The first model was the baseline linear model with all predictors. The 10-fold CV MSE ended up as 18,198,966,972. Interestingly, almost every predictor was significant. I manually adjusted the linear model to only include the signficant predictors and obtained a 10-fold MSE of 18,592,376,008. My manual adjustment did not decrease the MSE, so I moved on to automated methods. I also looked at the regression diagnostics for these models and found evidence of heteroskedasticity in the standardized residual plot.

I tried both ridge regression and lasso, with the tuning parameter chosen by cross-validation. The 10-fold CV MSE for the chosen ridge regression model was 18,247,763,194 and for lasso it was 18,836,506,616. I then tried OLS after lasso, and obtained a CV MSE of 17,869,313,365. These methods attempt to reduce variance and protect from overfitting, but they ended up performing worse than OLS. This told me that OLS was already very biased and a more flexible approach was needed.

I built a single tree using train1 and estimated the MSE on the test set (test1). This yielded an MSE of 20,770,133,160. I tried to use pruning to prevent overfitting, but the number of terminal nodes chosen by CV ended up with the full original tree.

The breakthrough occured when I tried bagging, random forest, and boosting.
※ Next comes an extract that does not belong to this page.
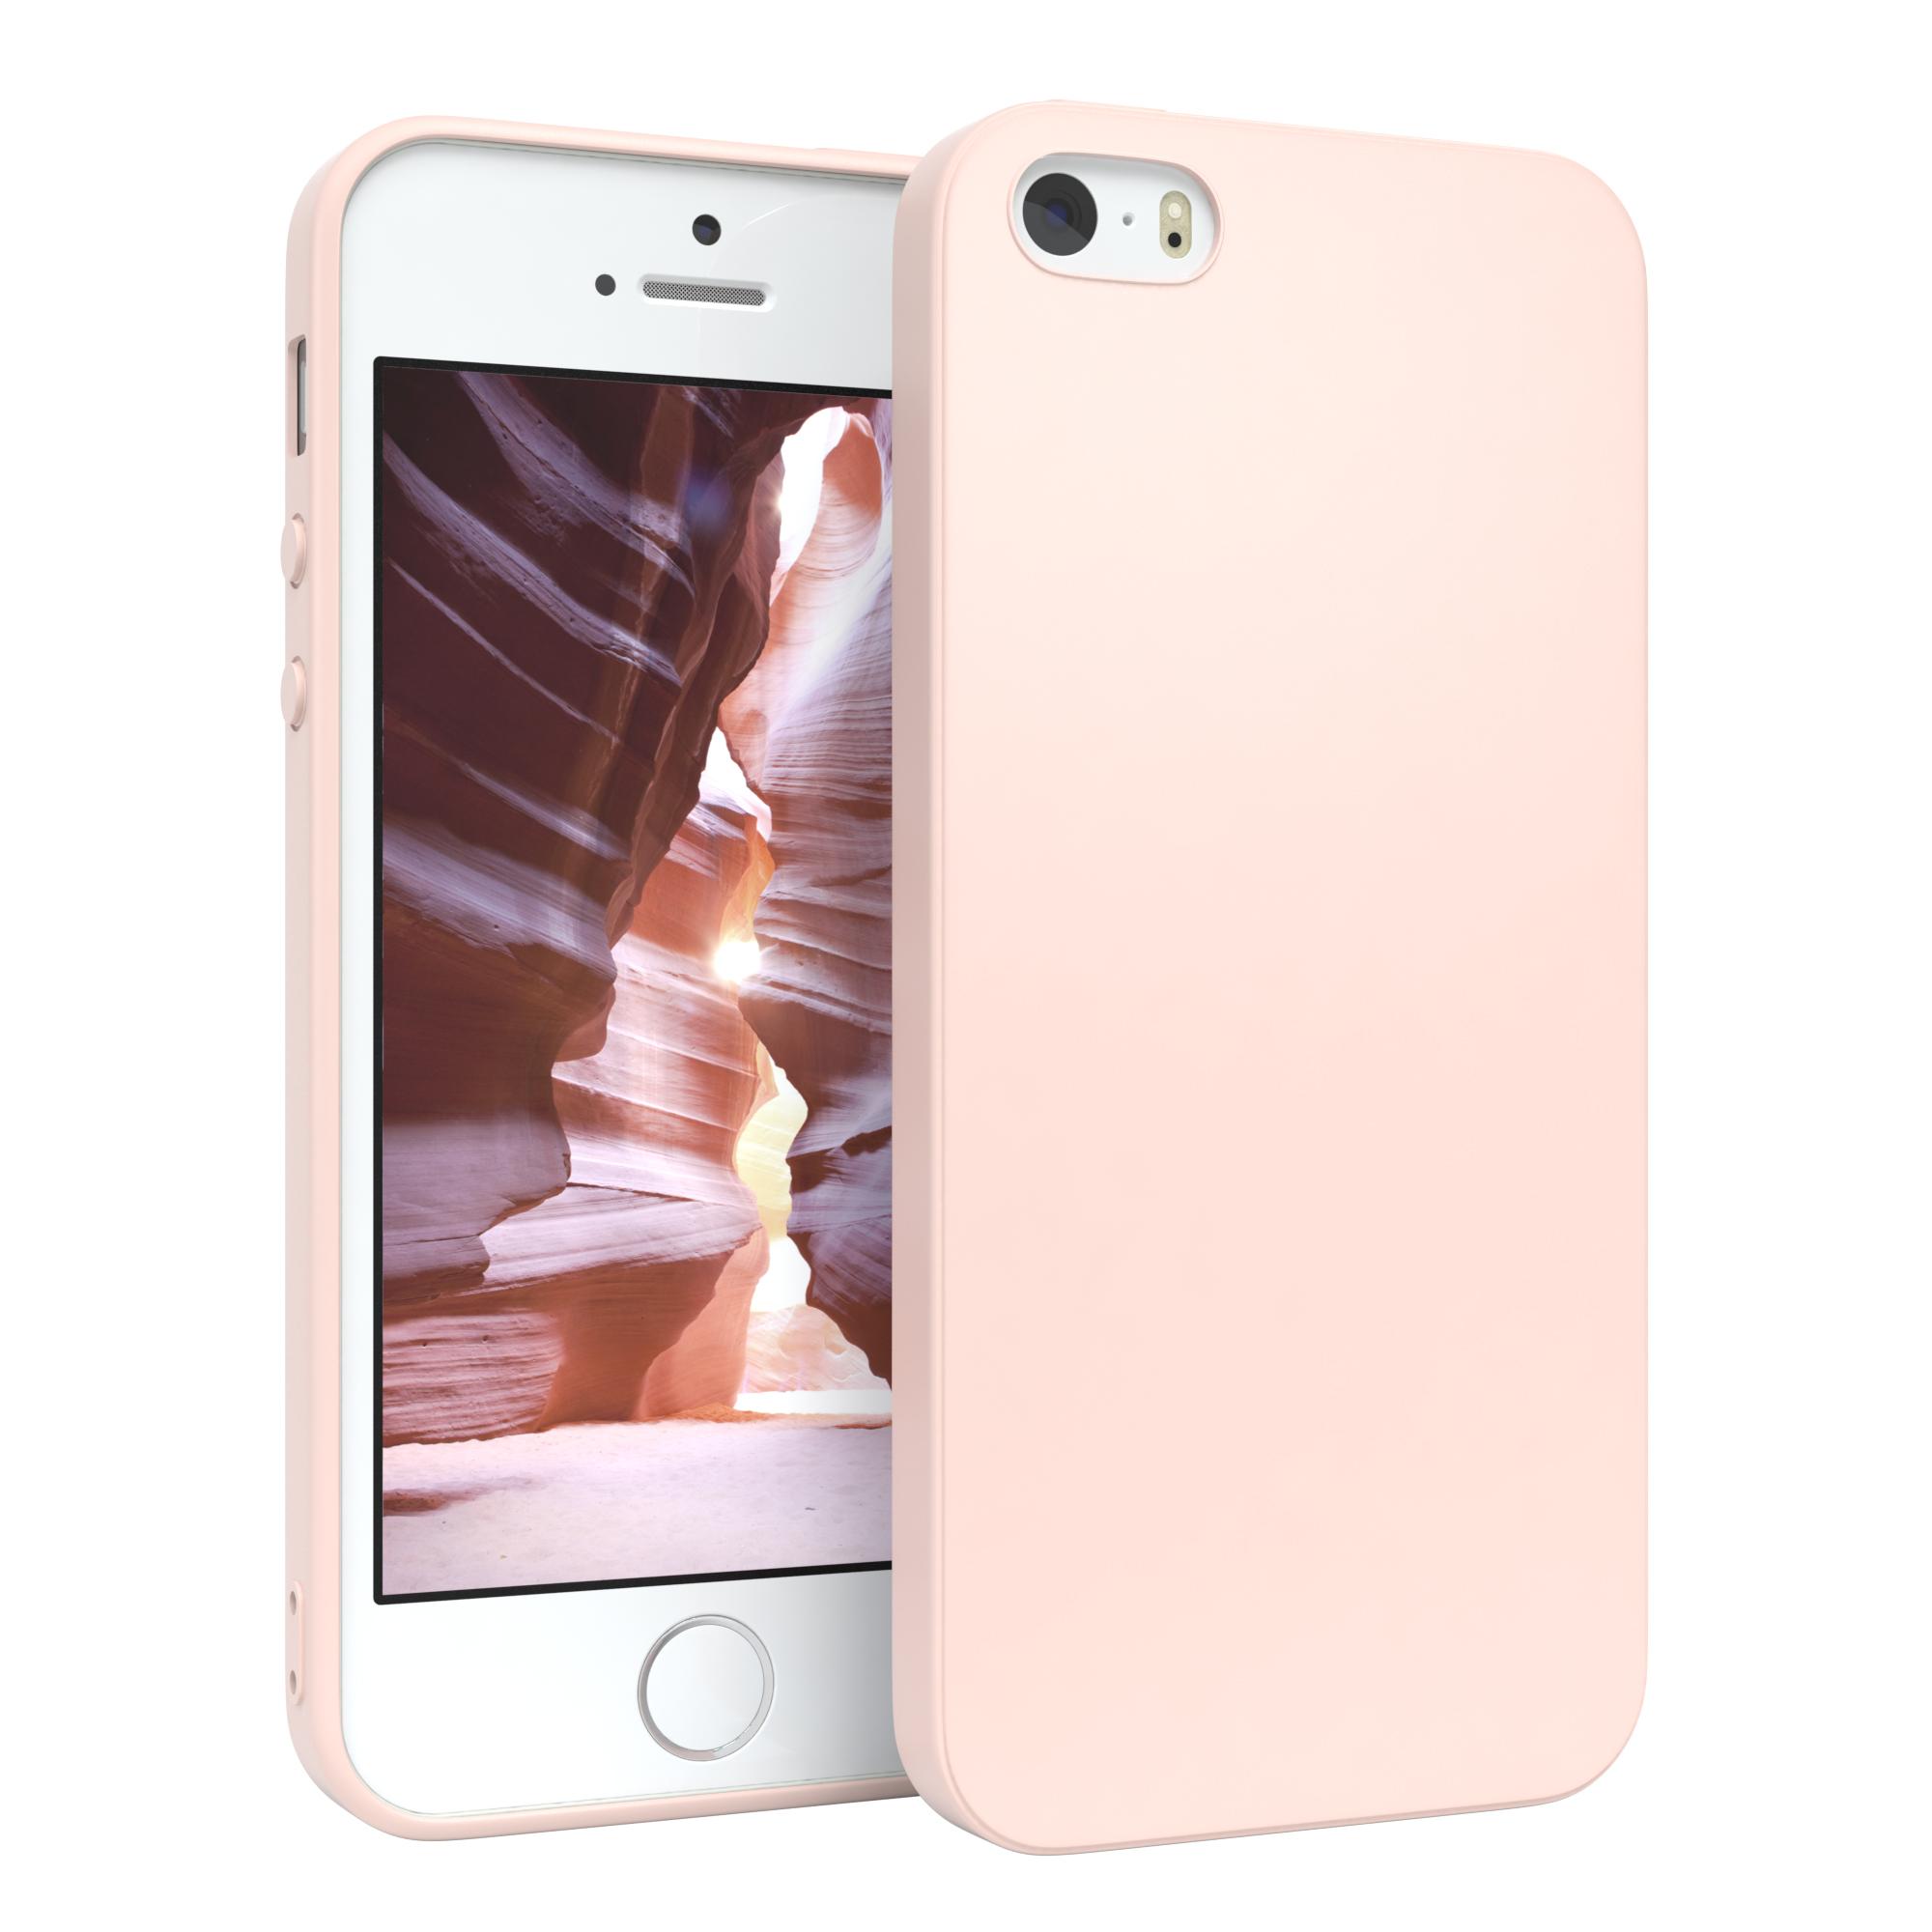 Handyhuelle-fuer-Apple-iPhone-SE-5-5S-Huelle-Tasche-Silikon-Backcover-Case-Cover Indexbild 10

The validation set MSE from bagging ended up as 8,684,574,624 which was a vast improvement. I then used a for loop to find the best mtry parameter for the random forest model with respect to test error. The best mtry was 3, and the resulting MSE for this model was 6,556,605,797. For the gradient boosted model, I tuned over the learning rate and number of trees simultaneously using the validation set approach. The best number of trees was 500, and the best lambda was .1. This resulted in an MSE of 6,170,604,767.

The best performing models in terms of MSE were the random forest and gradient boosted model. The variable importance for both were similar: sqft was by far the most important variable, then number of bathrooms was second. After these top two, there was a steep dropoff in relative variable importance, and the models begin to diverge (total rooms and lot are 3rd and 4th for random forest but lot area and rooftype are 3rd and 4th for boosting). The remaining variables were more or less equal in importance according to these models.

Conclusion

Overall, the most challenging aspect of this dataset was predicting observations with very high prices. For the chosen prediction model, the MSE for observations with a price greater than $1,000,000 (97th quantile for test1) was 34,898,460,468 and for observations below $1,000,000 the MSE was 5,286,260,545. So this prediction model should perform well for houses in an ordinary price range, but will have difficulty predicting home price for outliers. There was also a fair amount of non-linearity and high-dimensionality in the data, evidenced by the poor regression diagnostics. This made interpretation difficult, and in order to reduce bias, flexible non-parametric methods like random forest and gradient boosting had to be used in order to make good predictions. I would trust my best model, for the most part, since its MSE was very low relative to the other models. However, it is a black box method and there were no tests for significance, so I would not put my complete trust in the model and measures of variable importance.

If I had more time, I would have included polynomial and interaction terms in the linear model, and chosen the best model based on a combination of forward selection, backward selection, and best subsets (or OLS after Lasso). This would have allowed me to have a flexible model that is more interpretable than the random forest or boosted models. However, the model selection algorithms take a while to load on my PC and it was not worth the time.